Venda () or Tswetla was a Bantustan in northern South Africa, which is fairly close to the South African border with Zimbabwe to the north, while to the south and east, it shared a long border with another black homeland, Gazankulu. It is now part of the Limpopo province. Venda was founded as a homeland by the South African government for the Venda people, speakers of the Venda language. The United Nations and international community refused to recognise Venda (or any other Bantustan) as an independent state.

History

Venda was declared self-governing on 1 February 1973, with elections held later in the year. Further elections were held in July 1978. The territory was declared independent by the South African government on 13 September 1979 and its residents lost their South African citizenship. In common with the other Bantustans, its independence was not recognised by the international community.

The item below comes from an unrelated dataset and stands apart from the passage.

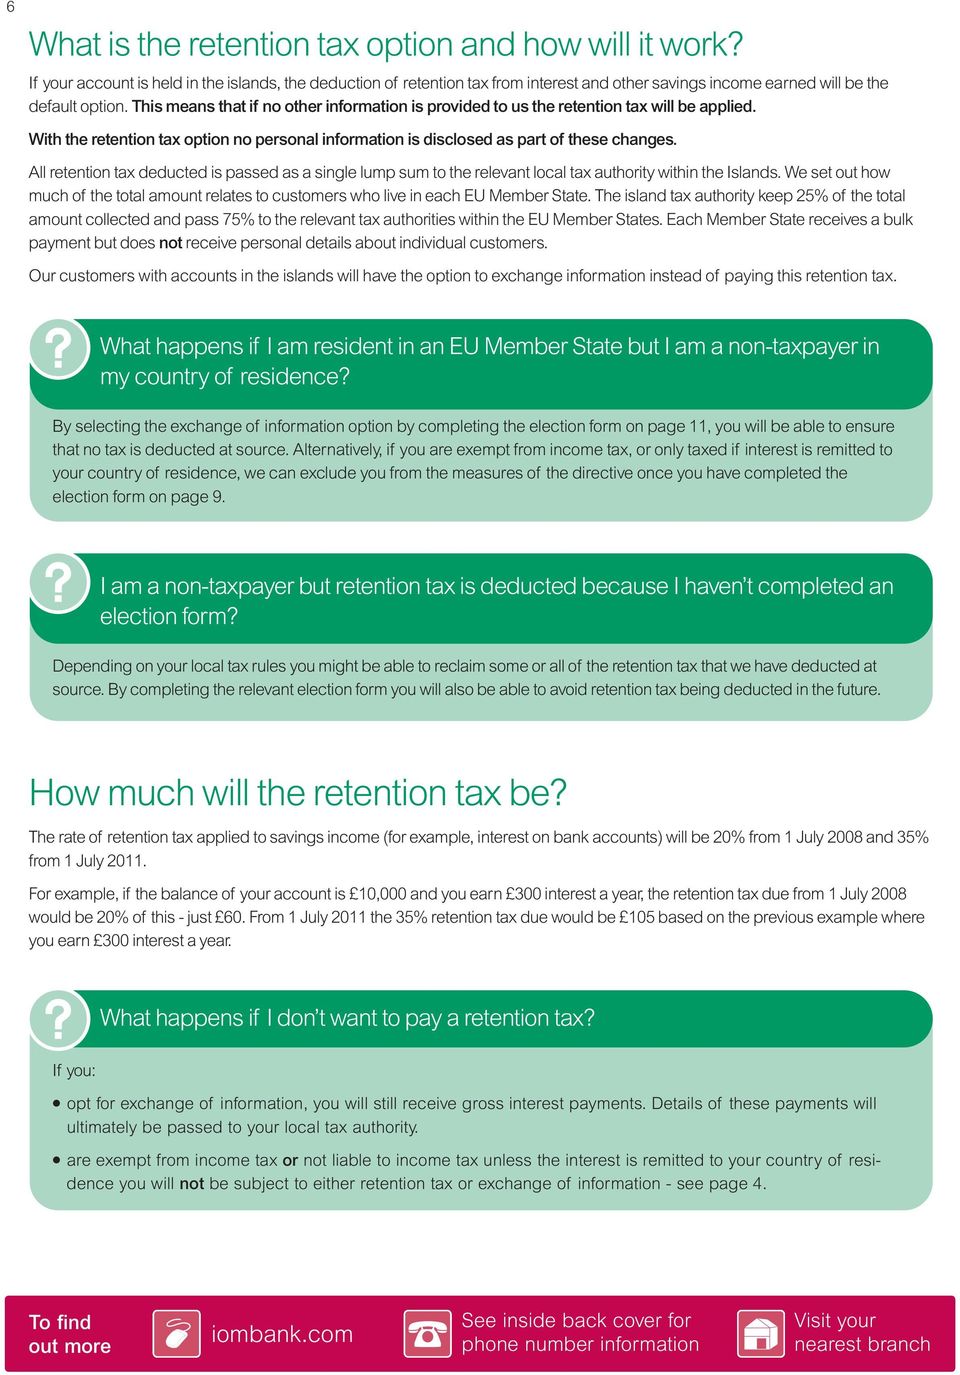 This means that if no other information is provided to us the retention tax will be applied. With the retention tax option no personal information is disclosed as part of these changes.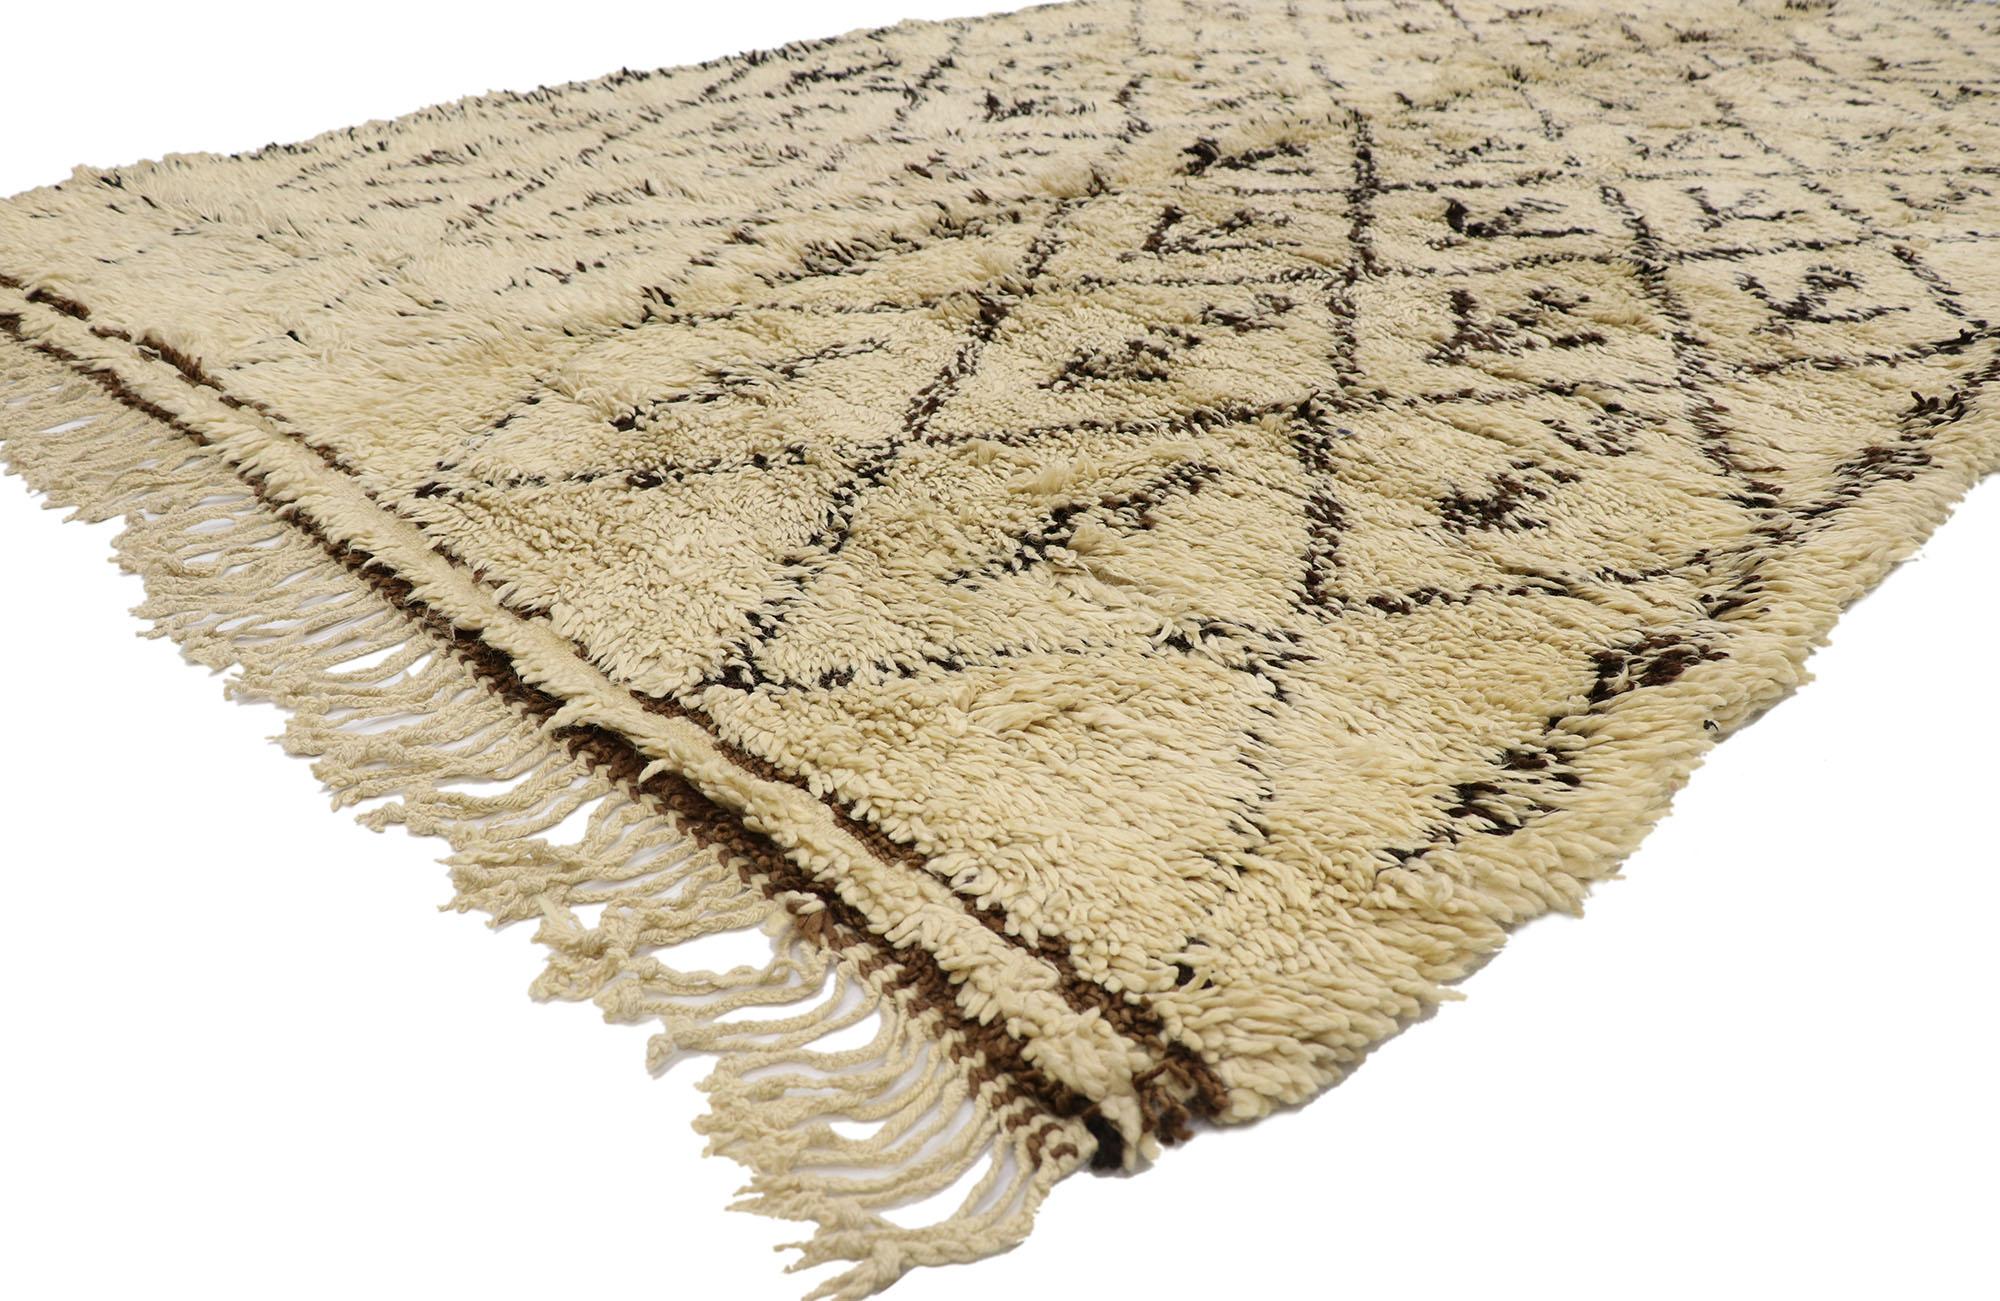 21403 Vintage Berber Beni Ourain Moroccan rug with Tribal Style 07'01 x 14'00. With its simplicity, plush pile and tribal style, this hand knotted wool vintage Berber Beni Ourain Moroccan rug is a captivating vision of woven beauty. It features a

Venda was initially a series of non-contiguous territories in the Transvaal, with one main part and one main exclave. Its capital, formerly at Sibasa, was moved to Thohoyandou (which included the old Sibasa administrative district) when Venda was declared independent in 1979. Prior to independence it was expanded to form one contiguous territory, with a total land area of 6,807 km² (2628 sq. mi.). In the 1984 elections the ruling Venda National Party retained its position as ruling party, beating the perpetual opposition Venda Independent People's Party (VIPP).

At independence in 1979, the population of Venda stood at about 200,000 people. The state was cut off from neighbouring Zimbabwe by the Madimbo corridor, patrolled by South African troops, to the North, and from nearby Mozambique by the Kruger National Park.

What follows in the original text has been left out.